When you think of the diet of an Olympic athlete, eggs, veggies, lots and lots of protein likely come to mind. But for Olympic weight lifter Norik Vardanian, his meals are a bit different.
“We have to eat fatty foods,” the second-generation Olympian (his father, Yurik, won gold in weight lifting in 1980) tells Us Weekly. “At the Olympic training center we stay with a lot of pentathletes and triathletes, and they have, like, fat-free food and food with a lot of fiber, but I don’t need food with a lot of fiber. I need that food to give me nutrition, to stay in me. I can’t have an empty stomach. I can’t go eat something and then be hungry 30 minutes later.”
With four-to-five-hour training sessions that leave him with little time for snacking, “good fatty foods” are key for the 29-year-old.
“It’s kind of expensive but, like, caviar,” he says of his preferred snack. “If you have a little bit of caviar, it stays with you for a long time. You would be surprised. A couple spoonfuls of caviar will keep you going for an hour or two.”

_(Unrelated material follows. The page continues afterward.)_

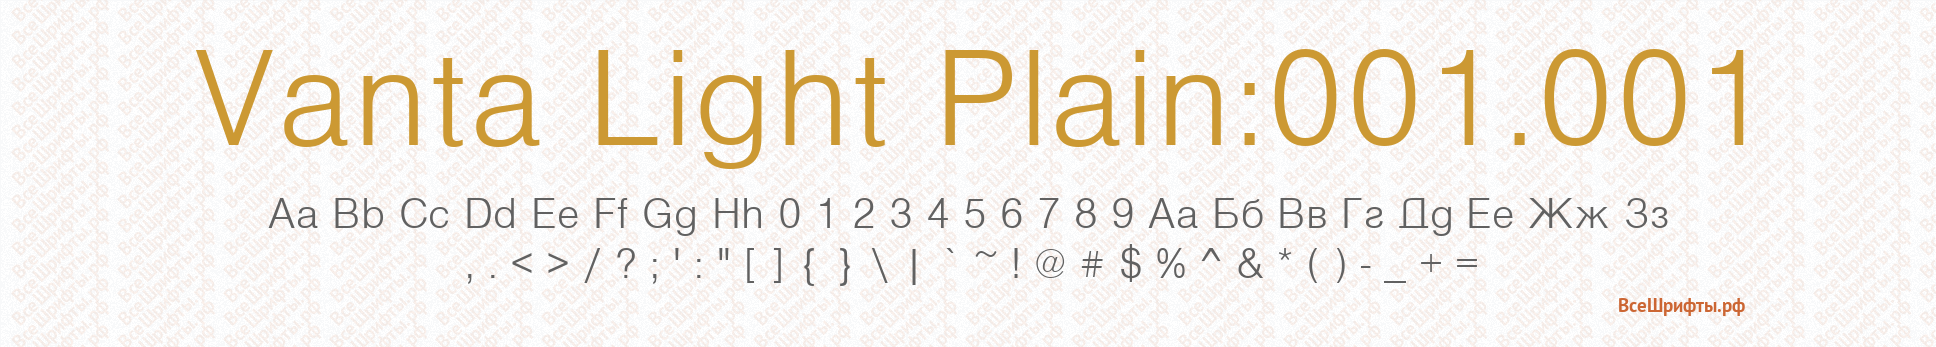 Шрифт Vanta Light Plain:001.001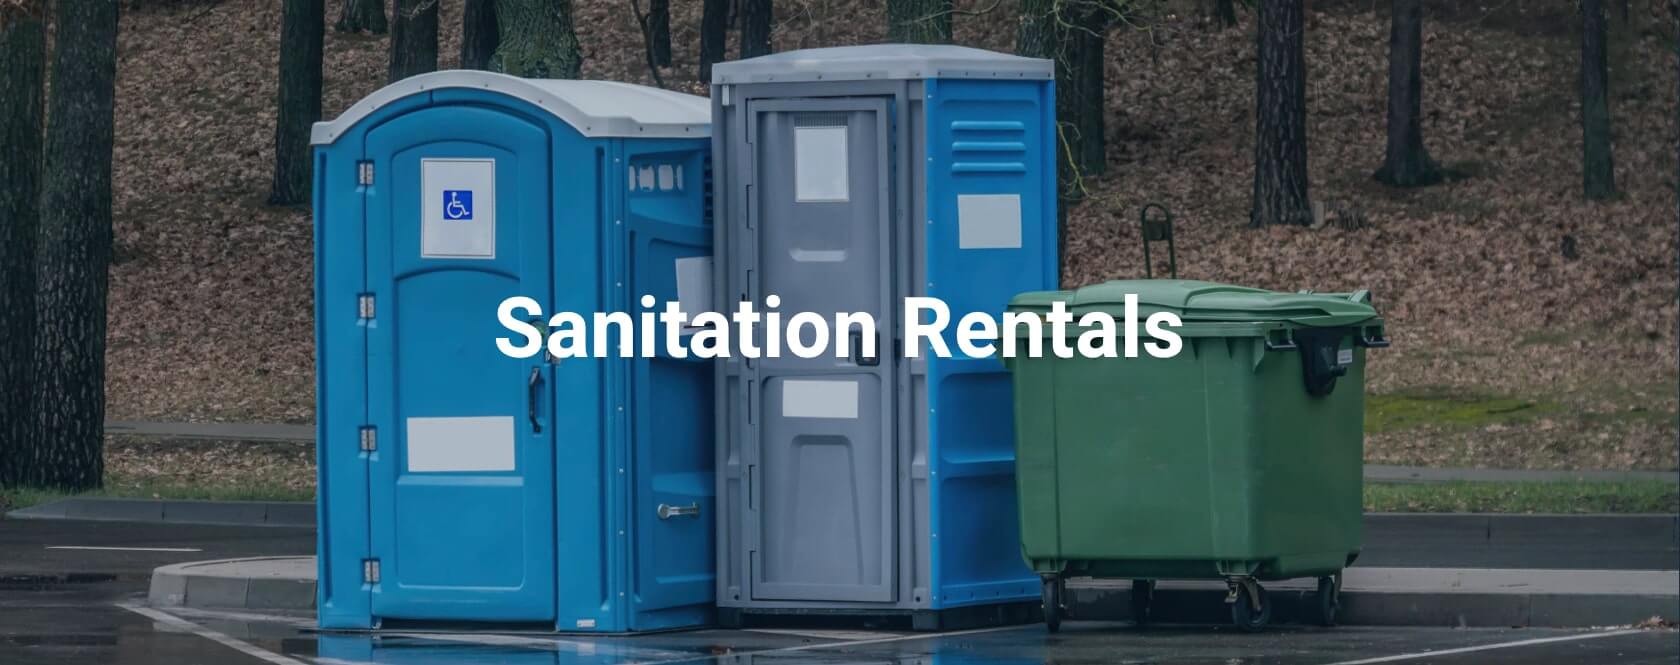 Sanitation Rentals

Vardanian’s snack of choice typically goes or about $50 to $75 per ounce, but can run to more than $350 an ounce.
Explaining that he eats the delicacy “as often as my bank account allows me,” Vardanian says he can also settle for nuts and trail mixes to hold him over.
“We get hungry a lot,” he says. “We’re dealing with weights all day long. Picking up iron and dropping it all day long. It’s not a natural thing to do, you know? Whereas running, it’s not going to require you as much energy. We’re wasting all this energy so we need that.”
While Vardanian now often works out at the Olympic training center, it was during training in Armenia, where he was born, that he picked up a love of caviar.
“In Armenia they would bring buckets of caviar,” he tells Us, adding that he’s tried all different kinds of the expensive delicacy. “It’s big over there, and then we had training camps in Russia and they were like, ‘What do you guys want?’ and we were all like, ‘Caviar.’ People, like our sponsors and stuff, they would bring a few buckets of caviar, which would last the whole team probably a week or two. I grew to love it. I love caviar.”
However, Vardanian’s girlfriend — fellow Olympic weight lifter Jenny Arthur — does not share his appreciation for caviar.
“She’s had it,” he says. “She doesn’t like caviar. So when we go out to a sushi place, I’ll have all the caviar.”